The New Coastal Panorama of Maule

“The New Coastal Panorama of Maule", reads the title of the article in El Mercurio’s Vivienda Y DecoraciĆ³n magazine section that greeted us the day we arrived in Chile. Beautiful pictures of architecturally interesting buildings situated right at water’s edge in the small fishing villages of Boyeruca, Duao, Pellines, Pelluhue, Curanipe and Loanco proudly provided visual testimony of the near completion of this Ruta del Mar project. This is a notable example of one group of Chileans (Grupo Antofagasta Minerals) helping their artisan fishing brothers and sisters recover from the tsunami of February 27, 2010.
The idea was to create a series of structures in the fishing villages that would combine modern and traditional design while providing services to attract tourists and space for the artisan fishermen to store their fishing equipment and carry out the chores of cleaning and marketing their catch. I must admit to having been skeptical when this program was announced over a year ago. It just seemed too innovative, even transformational for these poorest of Chilean villages. So when I saw the pictures in this flashy, mostly “good news” magazine, all so very attractive, I felt a surge of optimism. But upon closer scrutiny of the pictures and the story, I got a different feeling, that things were not yet going as expected.

So, just a week after arriving in Chile, we set off to ill-fated Maule again to observe the earthquake/tsunami recovery process first hand. This time Ximena went along, to visit Ximena’s sister Veronica and her husband Joaquin at their home that overlooks the Pacific Ocean, with El Faro Carranza in view to the north, and my adopted fishing village of Loanco to the south. The Pan American highway, as it heads south from Santiago, cuts straight through beautiful vineyards and orchards, through the central valley towns of Rancagua, San Fernando, Curico, and then Talca. The Rio Claro flows from the Andes to the Pacific Ocean, crossing the highway just south of Talca. The tall two-lane bridge over the Rio Claro became an icon when it was totally destroyed in the 2010 earthquake. For the past two years, the rebuilding of this bridge has had the effect of a tourniquet tied tightly around this north-south transportation artery that runs the entire length of Chile, producing traffic backups and long delays. We passed alongside the collapsed bridge, on a temporary structure, recalling the enormity of the damage caused to Chile’s infrastructure in the 2010 earthquake. But, this is the last of the major road and bridge repairs required along the Pan American highway. Traffic is moving much more smoothly now, and the reconstruction of this 125 meter-long bridge is scheduled to be completed by the end of 2012. They claim this one is antiseismic. Let’s hope so.

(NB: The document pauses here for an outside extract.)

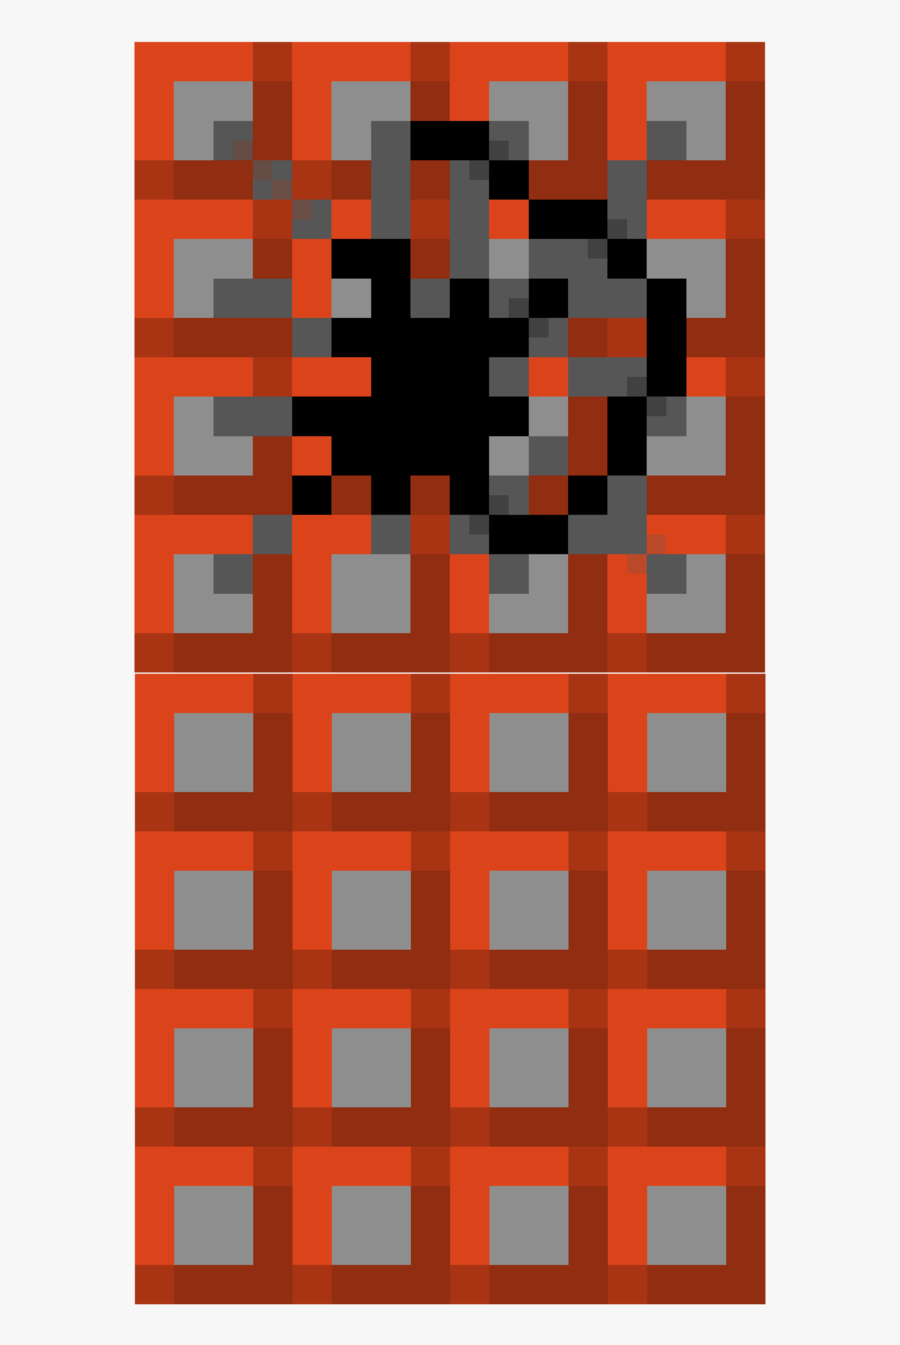 Minecraft Tnt Cliparts - Minecraft Tnt Pixel Art, Transparent Clipart

Just past the Rio Claro we turned west off the highway and took the road that winds through first agriculture and then forested land as it crosses the coastal range and decends into Constitucion, one of the towns most affected by the earthquake and tsunami. Constitucion is still cleaning up the rubble and trying to rebuild. The Celco pulp mill, initially closed due to water damage from the tsunami, is clearly working, belching characteristically ugly, odorous smoke into the clear coastal air, but people are back to work. Rebuilding Constitution is surely one of the greatest challenges the Chileans face. Terribly convoluted issues of sorting out land ownership, approval and application of new building standards, establishing procedures to provide subsidized funding for homes and businesses, all take seemingly endless weeks and months to work out. The area along the river, totally destroyed two years ago is still awaiting resolution of these issues, showing little progress to date. If I were to suggest it would take 8 to 10 years to get Constitucion back on its feet I could be accused of being overly optimistic.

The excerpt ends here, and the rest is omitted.